Ukraine economy: How bad is the mess and can it be fixed?

Exchange counter in Kiev (file photo Feb 2014) The Ukrainian currency has reached historic lows against this dollar this year

Related Stories

The International Monetary Fund (IMF) has approved a $17.1bn (£10.1bn) bailout for Ukraine to help the country's struggling economy.

The money will be released over two years, with the first instalment of $3.2bn available straight away.

The IMF loan will also unlock further funds worth $15bn from other donors, including the World Bank, EU, Canada and Japan.

Months of turmoil have taken their toll. Interim Prime Minister Arseniy Yatsenyuk warned that the economy would shrink by at least 3% this year - and by as much as 10% without international assistance.

But the price of that help will come in the form of higher energy bills and wage freezes.

So why is the Ukrainian economy in such bad shape? And what is being done to fix it?

line break
What is the state of Ukraine's economy?

In a nutshell: heavily indebted.

Ukraine's new government has said it needs $35bn (£21bn) to pay its bills over the next two years, which the new loans should mostly cover. It owes the Russian gas company Gazprom $1.9bn.

The Ukrainian economy shrank 0.3% in 2013, the IMF estimates. And the months of street protests, when the barricades were up on the streets of the capital, Kiev, will also have had an effect.

Residence of ousted Ukrainian President Viktor Yanukovych (file photo Feb 2014) Ukrainians were stunned by the opulence in which Mr Yanukovych had been living

The new government has also accused ousted President Viktor Yanukovych and his government of stripping billions from state coffers.

The currency, the hryvnia, lost nearly a fifth of its value in February alone. It now stands at 11 to the US dollar, down from eight in January.

The economy is struggling to recover from a recession and has been shaken by capital flight, as worried investors move their money abroad.

Efforts to prop up the hryvnia have also depleted foreign currency reserves.

Ukraine's stormy economy has history

The Ukraine currency blame game

Ukrainian currency hits 10-year low

line break
What difference will international aid make?

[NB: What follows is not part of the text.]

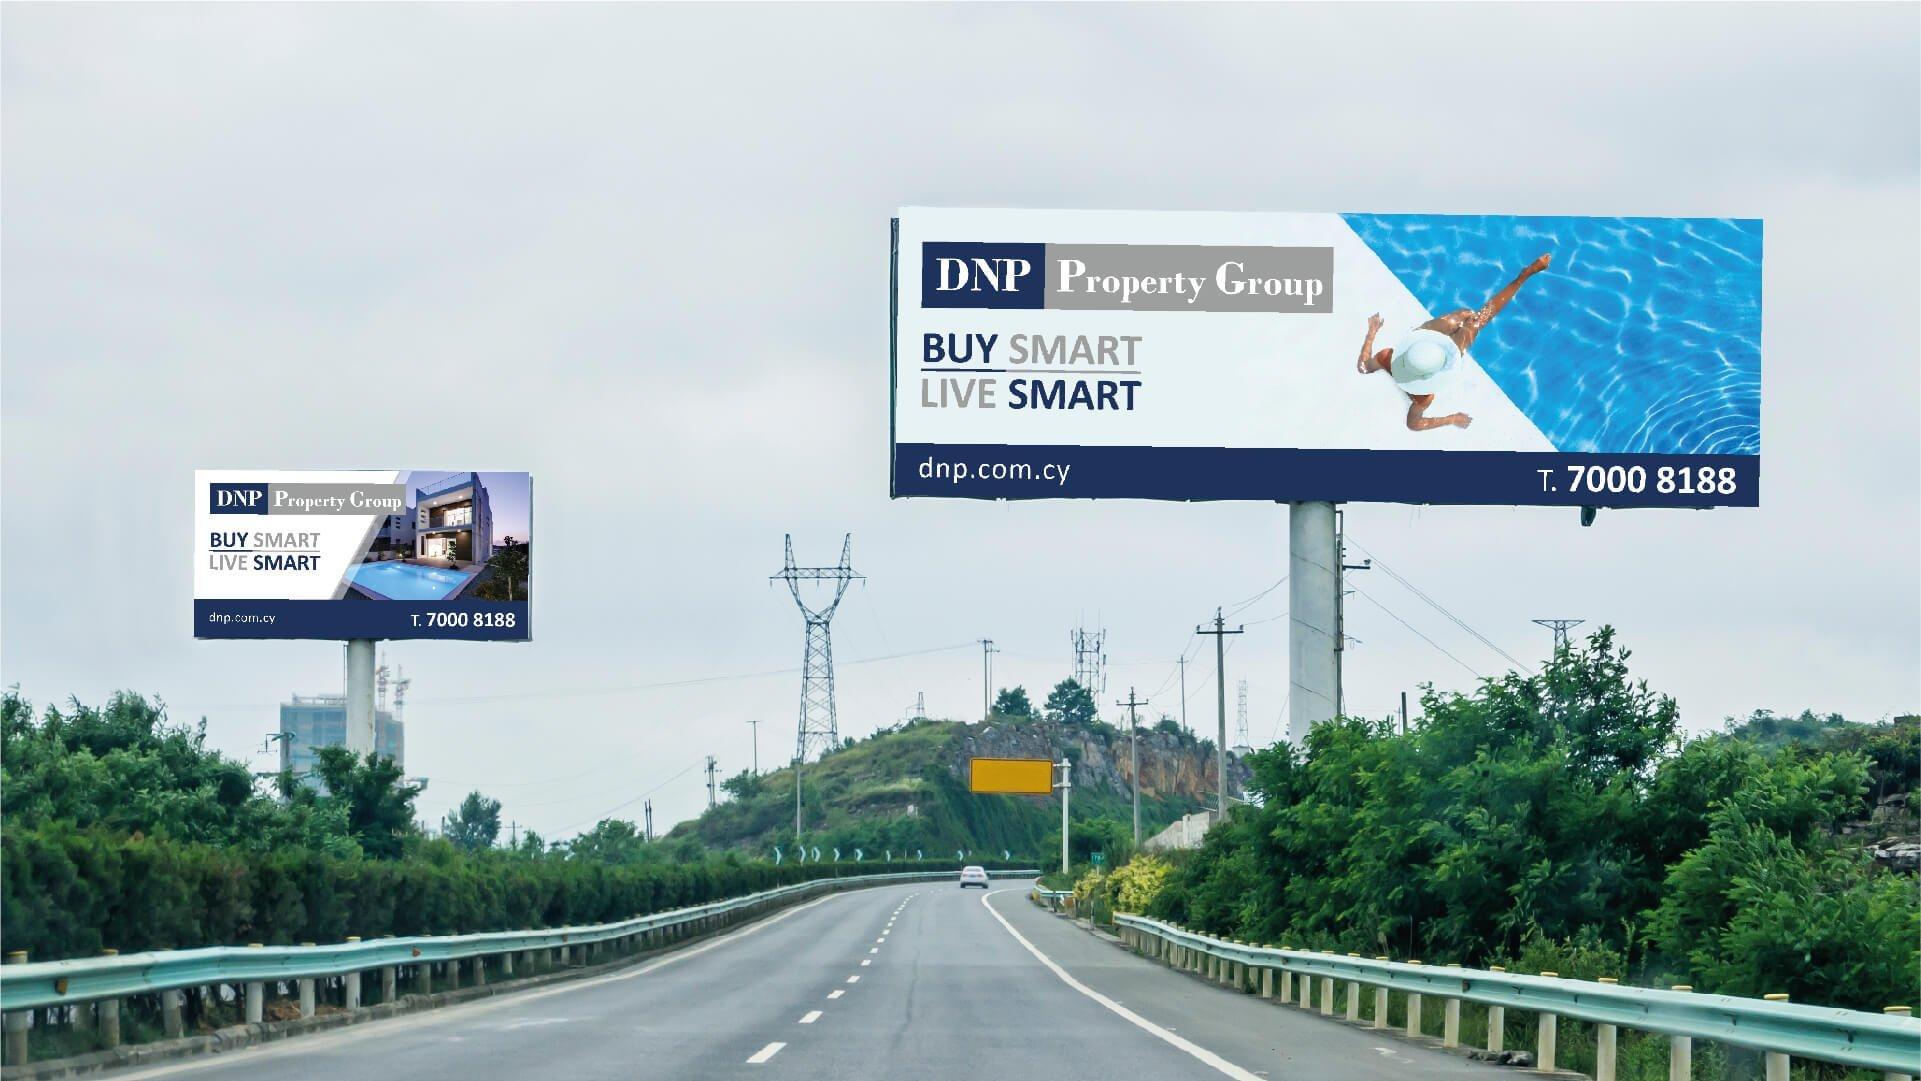 DNP billboards

A few months ago, a $15bn rescue package from Russia looked likely. But that was before street protests led to the removal of President Viktor Yanukovych, Moscow's man.

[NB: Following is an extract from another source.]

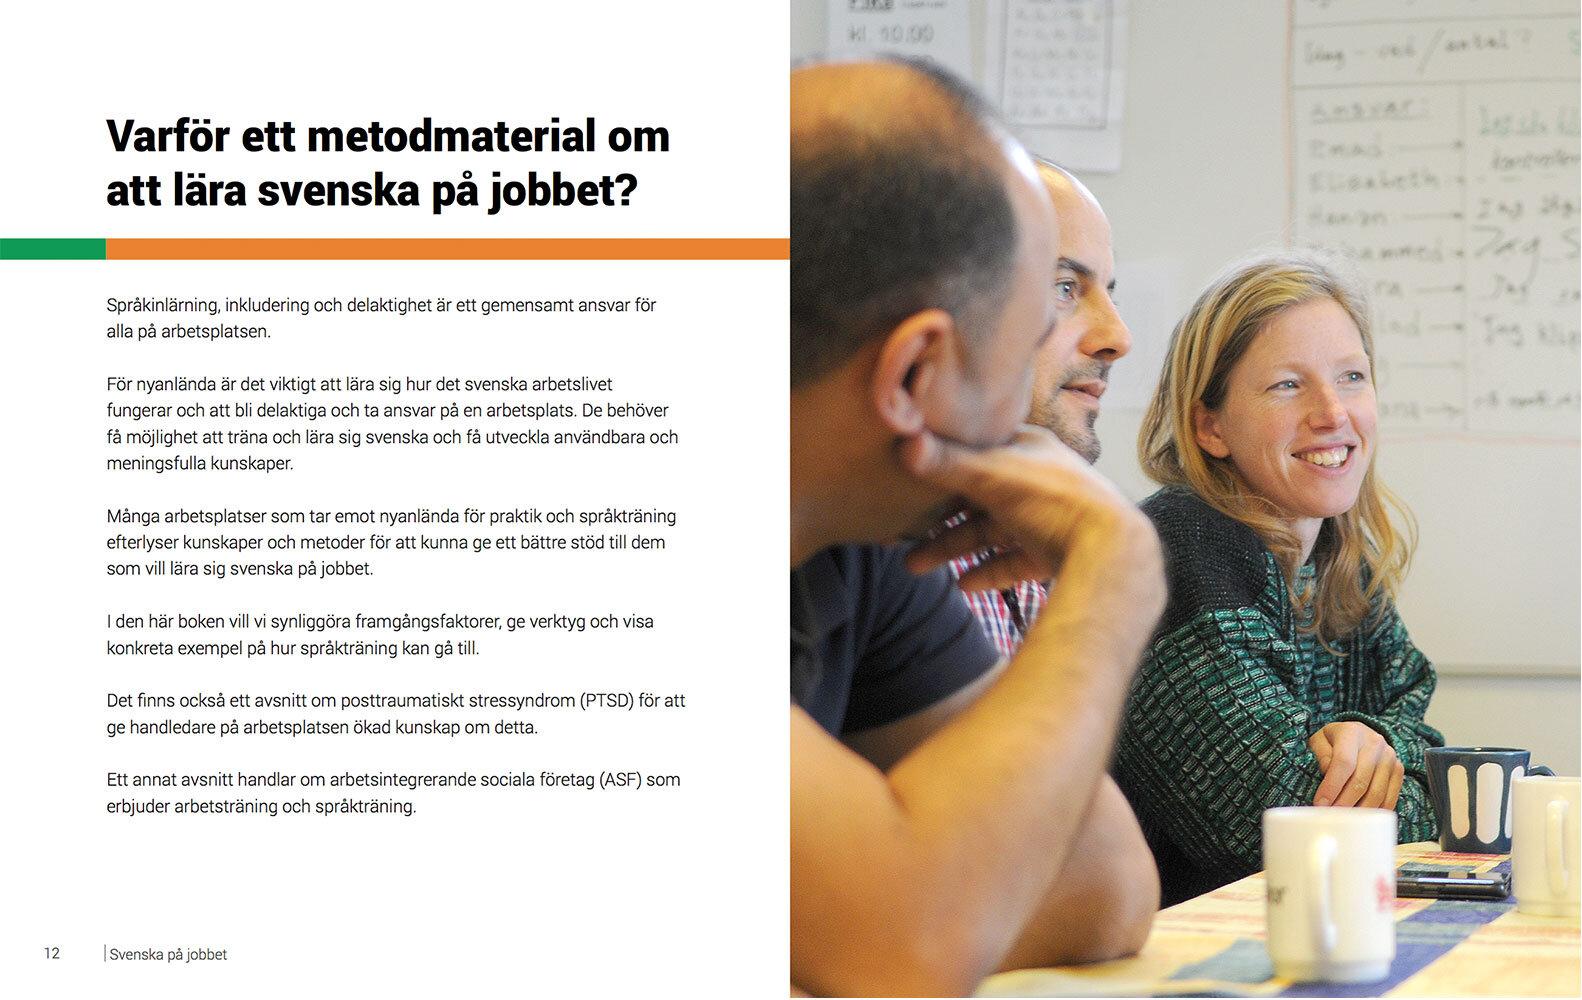 FS_Svenska-pa-jobbet_03.jpg

Now the IMF and other international donors are stumping up a total of $32.1bn, reducing the risk that Ukraine will default on its debts.

But the loan is dependent on strict economic reforms, including raising taxes and energy prices.

The government has already raised gas prices by 50% in an effort to secure the bailout. It has also agreed to freeze the minimum wage.

And Ukraine has a chequered history with the IMF: it failed to keep to the terms of previous assistance packages in 2008 and 2010.

Woman pays with Ukrainian hryvnia while shopping at the main market in Crimea (file photo March 2014)

What economic help for Ukraine?

line break
What kind of economy does Ukraine have?

Ukraine has a history of corruption and mismanagement that goes back to Soviet times.

Consider this: Ukraine's economy is smaller than it was in 1992, shortly after the collapse of the Soviet Union. At the time, Ukraine and Poland had similar-sized economies, but Poland's economy is now twice as big as Ukraine's.

The IMF estimates that the Ukrainian economy shrank 0.3% last year after barely growing in 2012.

Ukraine has a lot of coal mining, especially around the eastern city of Donetsk, as well as ageing heavy industry including shipbuilding, steel and arms. However, because many industries are so energy-inefficient, they are highly dependent on imports of Russian gas, which have been heavily subsidised.

Rundown farm in southern Ukraine (file photo 2006) Much of Ukraine remains grindingly poor

Farming is also important: Ukraine has more arable land than any other European country and is a major producer of grain and sunflower oil. Wheat prices have risen 20% on world markets, partly because of the fear of instability in Ukraine.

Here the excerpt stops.